Your goal
An exact transcription of all the data is required; the pictures are to be left out.
====== Provided data
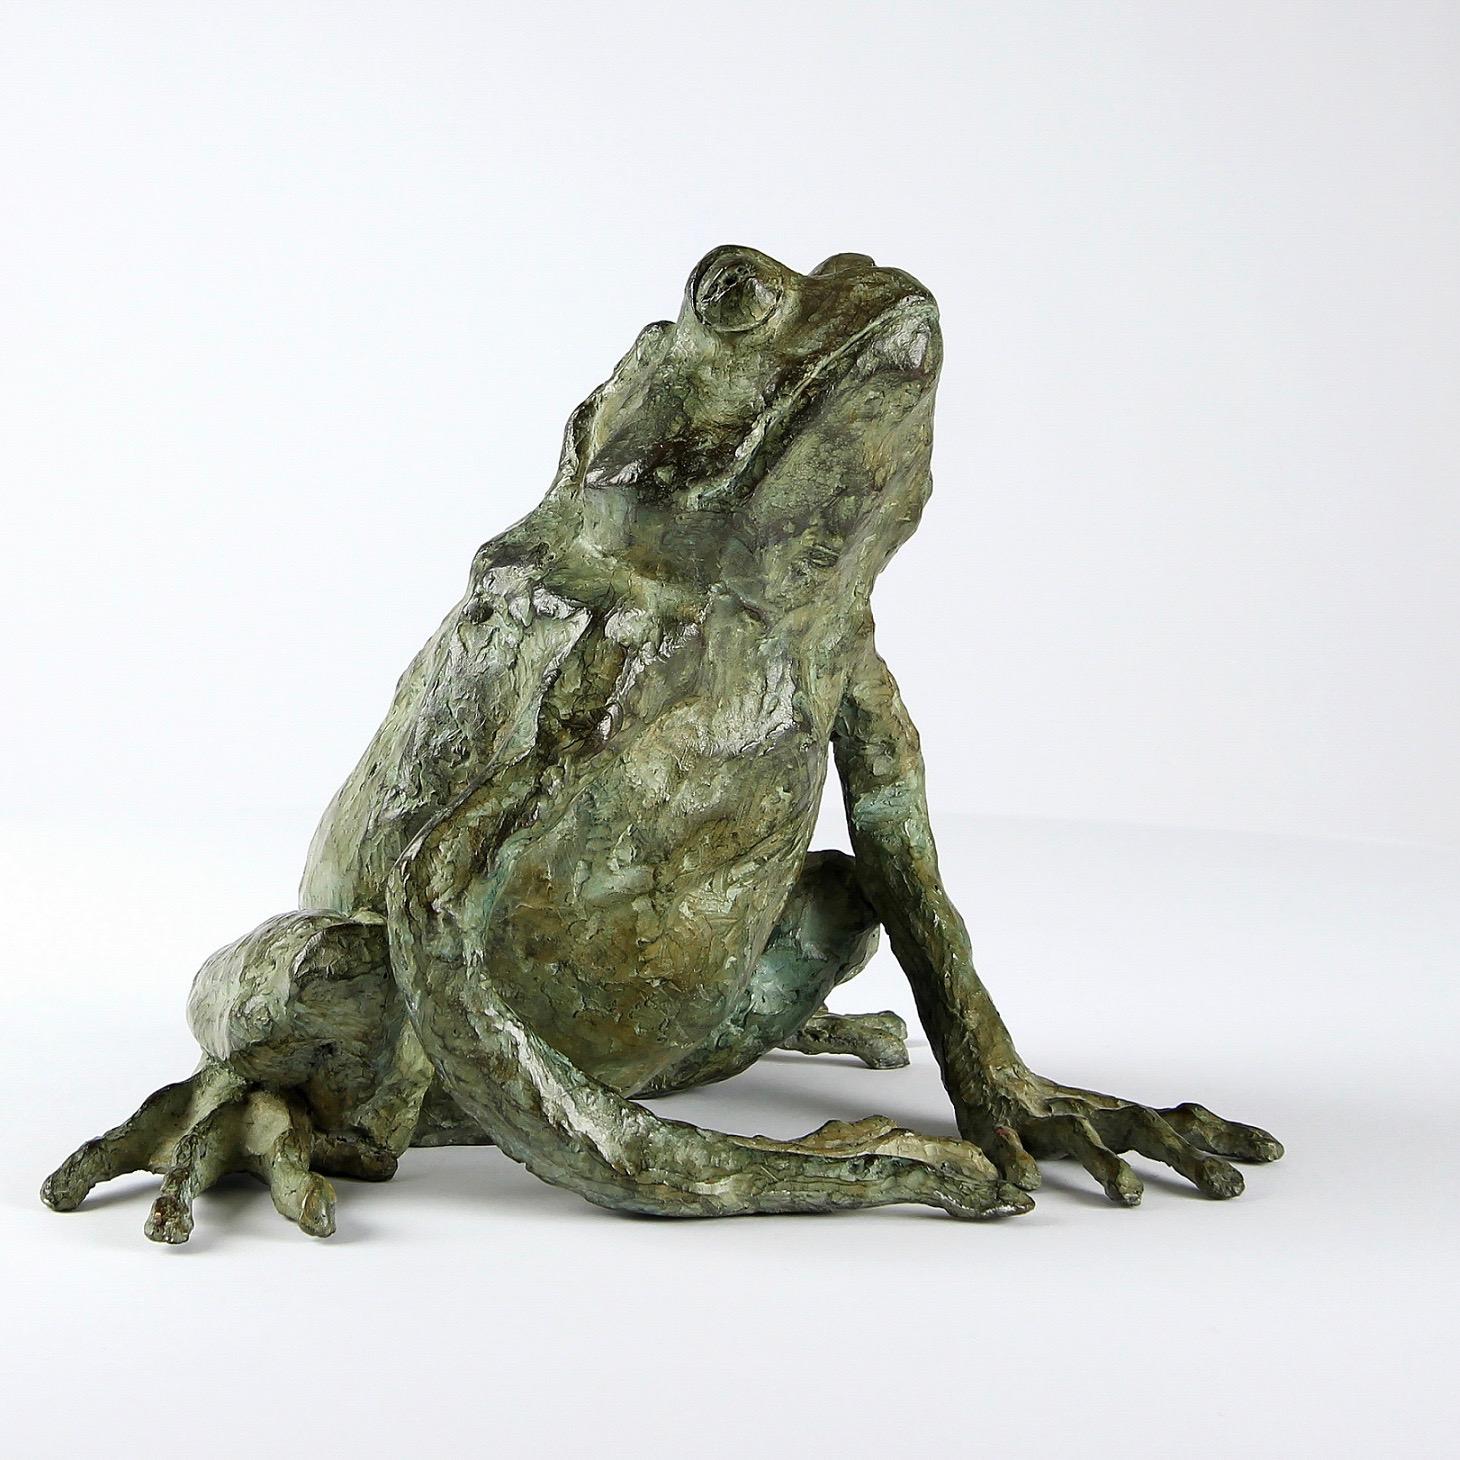 Magic Frog is a bronze sculpture by contemporary artist Chésade, dimensions are 17 × 14 × 12 cm (6.7 × 5.5 × 4.7 in). 
The sculpture is signed and numbered, it is part of a limited edition of 8 editions + 4 artist’s proofs, and comes with a
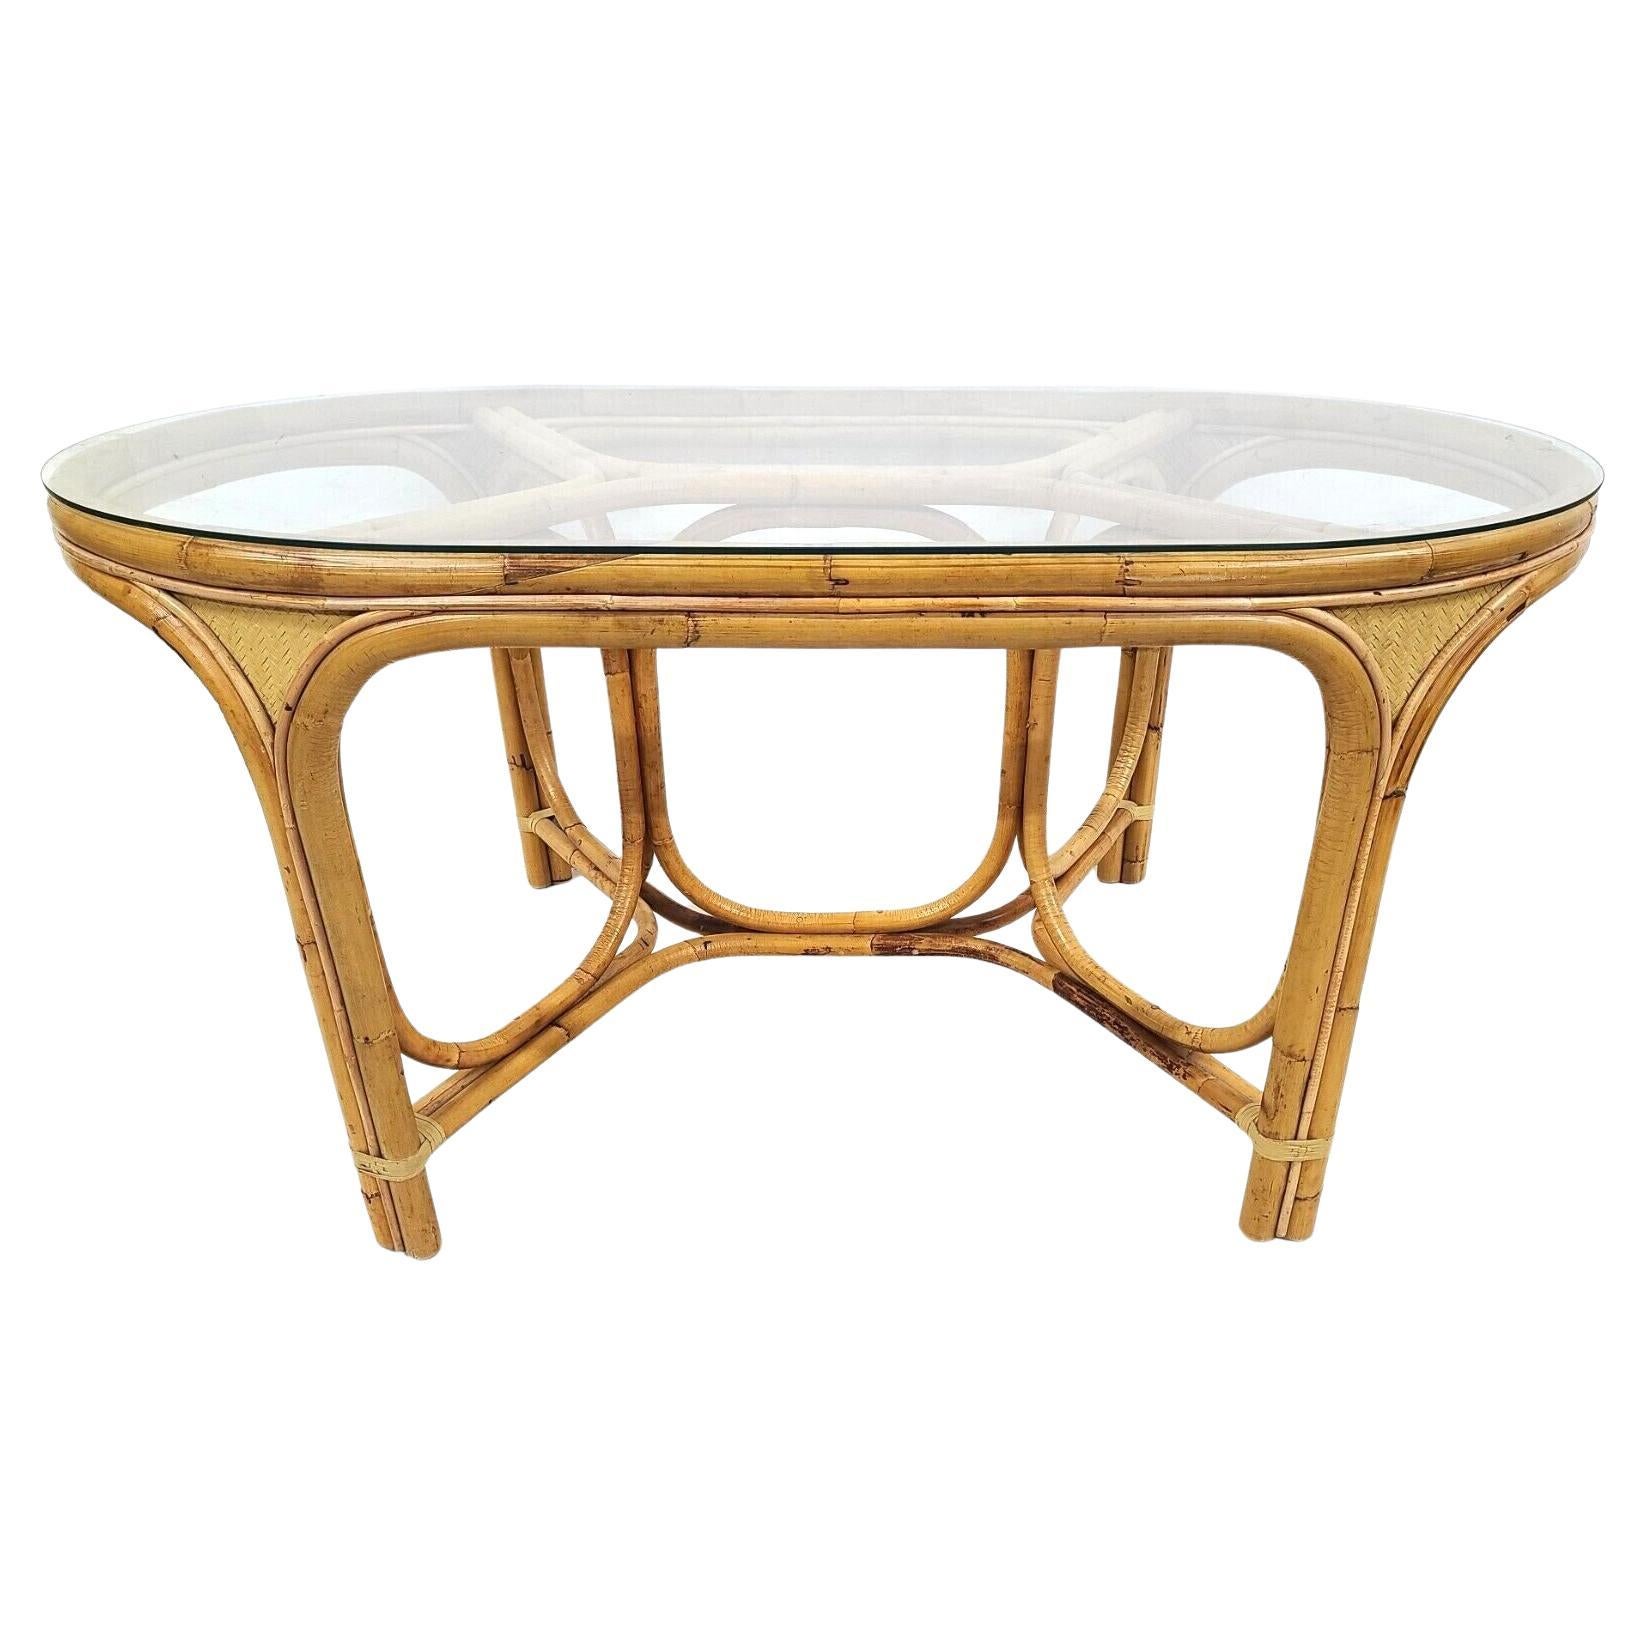 Vintage 1970s Bamboo Rattan Glass Oval Dining Table For Sale
============
Exercise response
 Magic Frog is a bronze sculpture by contemporary artist Chésade, dimensions are 17 × 14 × 12 cm (6.7 × 5.5 × 4.7 in). 
The sculpture is signed and numbered, it is part of a limited edition of 8 editions + 4 artist’s proofs, and comes with a
 Vintage 1970s Bamboo Rattan Glass Oval Dining Table For Sale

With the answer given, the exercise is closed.